§ WHAT THE TASK ASKS
Your task is to return exactly the lines that run from the one containing "Police sword insignia" through the end of the listing below, without any pictures.

§ DATA
◆ ◆ ◆ ◆ ◆ ◆ ◆
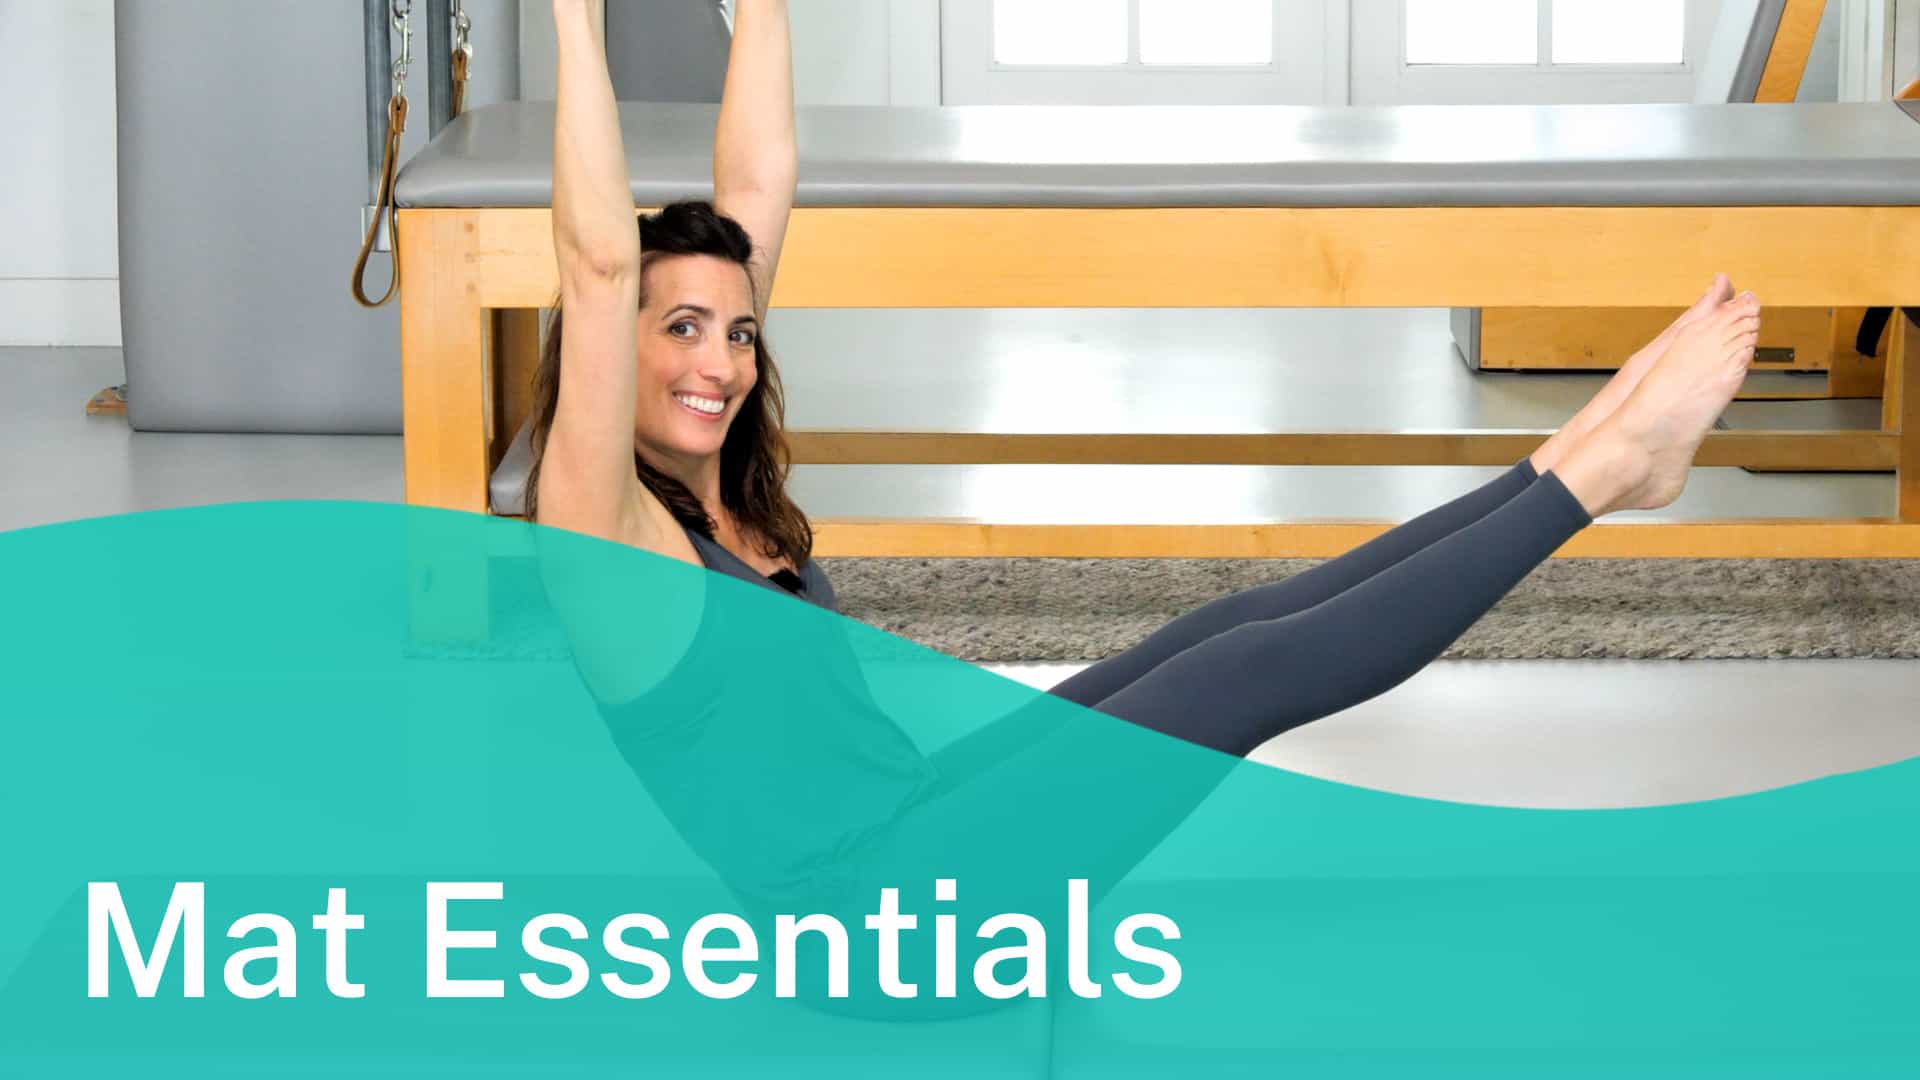 Workouts Focusing on 6 Essential Pilates Concepts
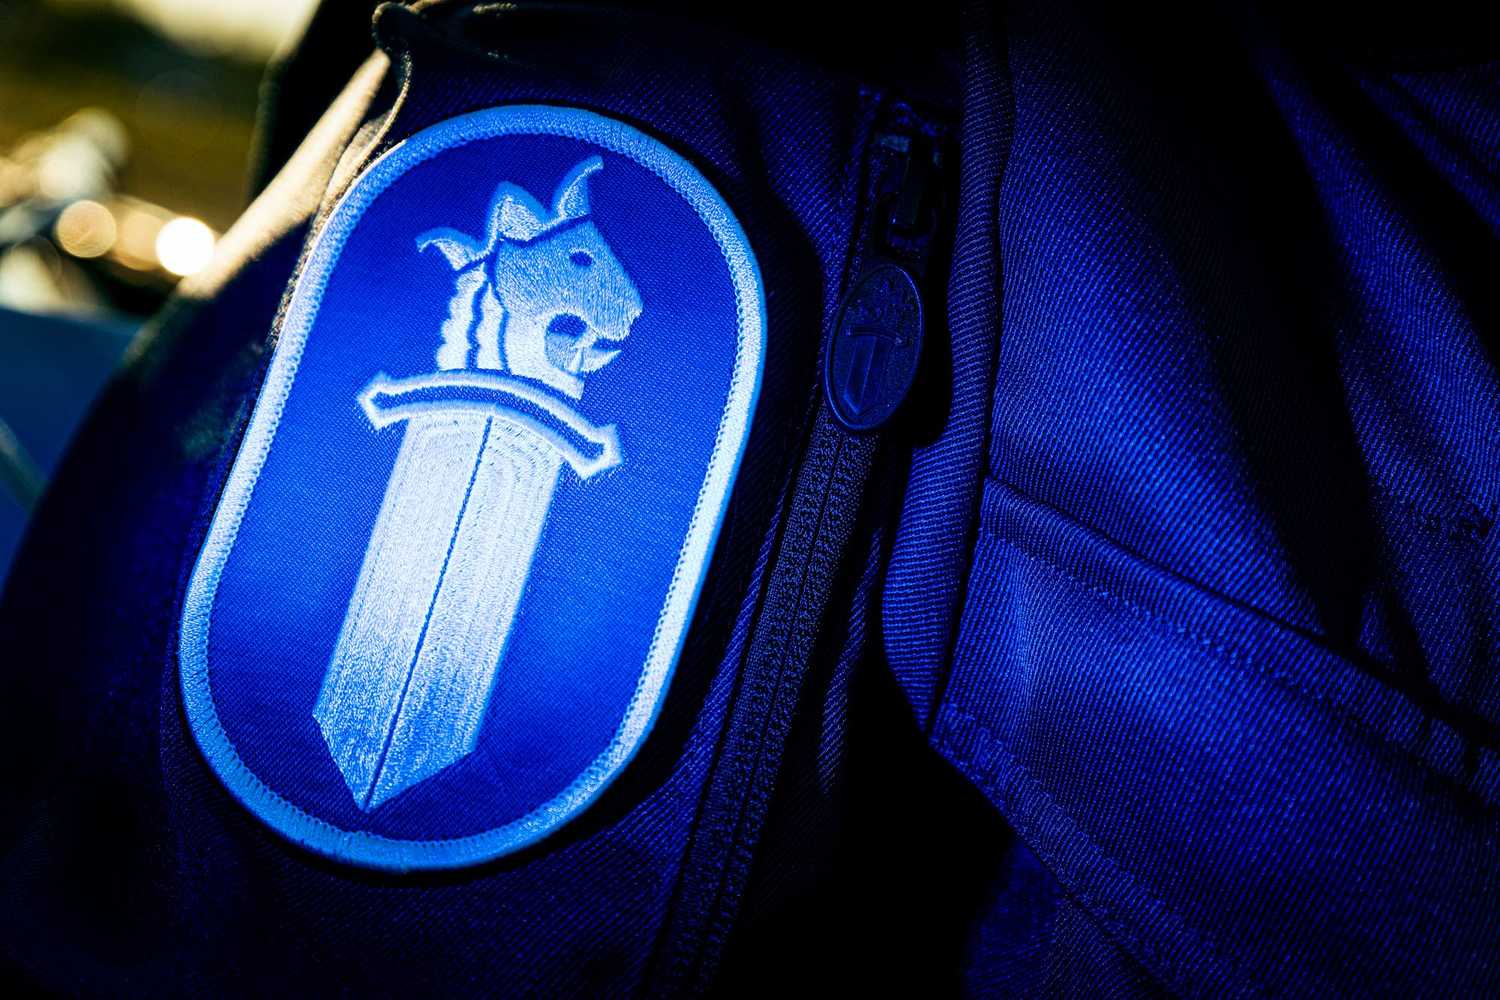 Police sword insignia on the sleeve of the uniform.
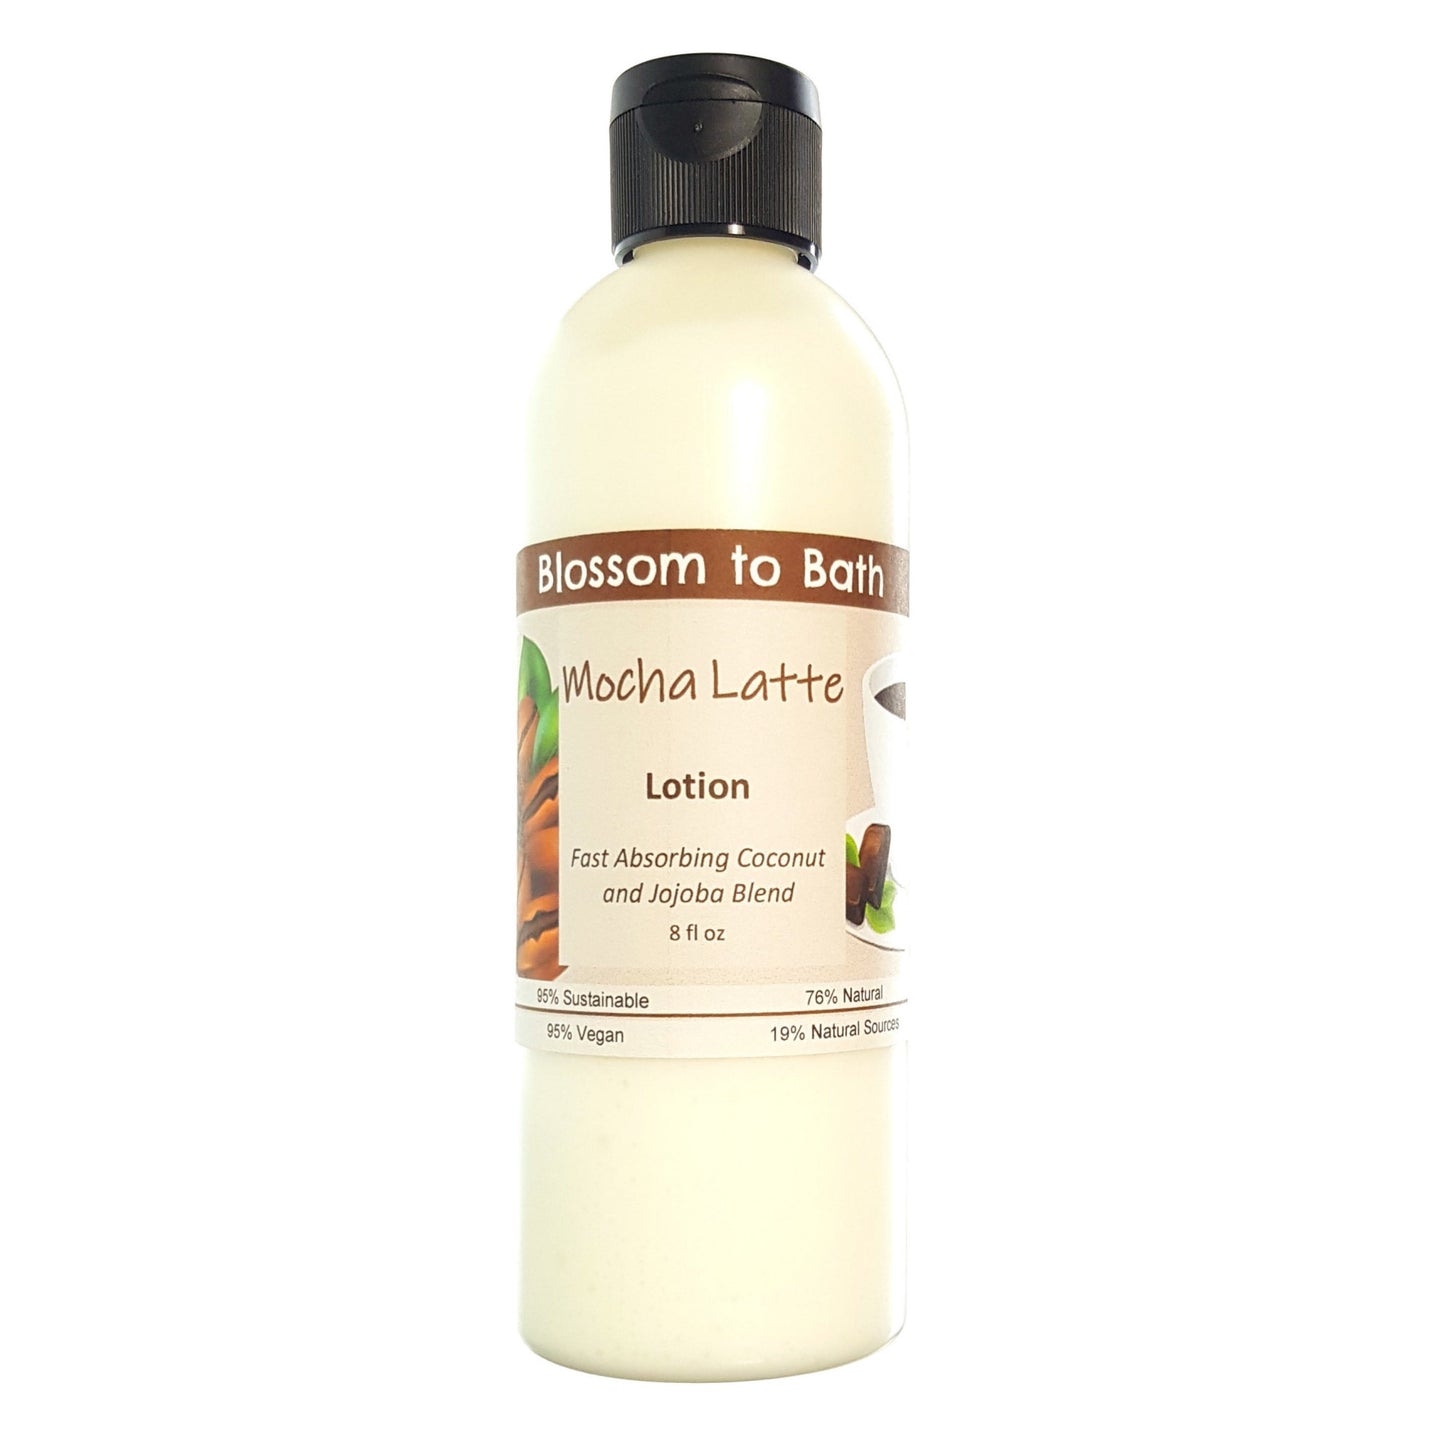 Buy Blossom to Bath Mocha Latte Lotion from Flowersong Soap Studio.  Daily moisture  that soaks in quickly made with organic oils and butters that soften and smooth the skin  Deep rich chocolate and fragrant coffee combine to form this gourmet coffee smell-alike scent.
◆ ◆ ◆ ◆ ◆ ◆ ◆
§ SOLUTION FOR THIS PROBLEM
 Police sword insignia on the sleeve of the uniform.
 Buy Blossom to Bath Mocha Latte Lotion from Flowersong Soap Studio.  Daily moisture  that soaks in quickly made with organic oils and butters that soften and smooth the skin  Deep rich chocolate and fragrant coffee combine to form this gourmet coffee smell-alike scent.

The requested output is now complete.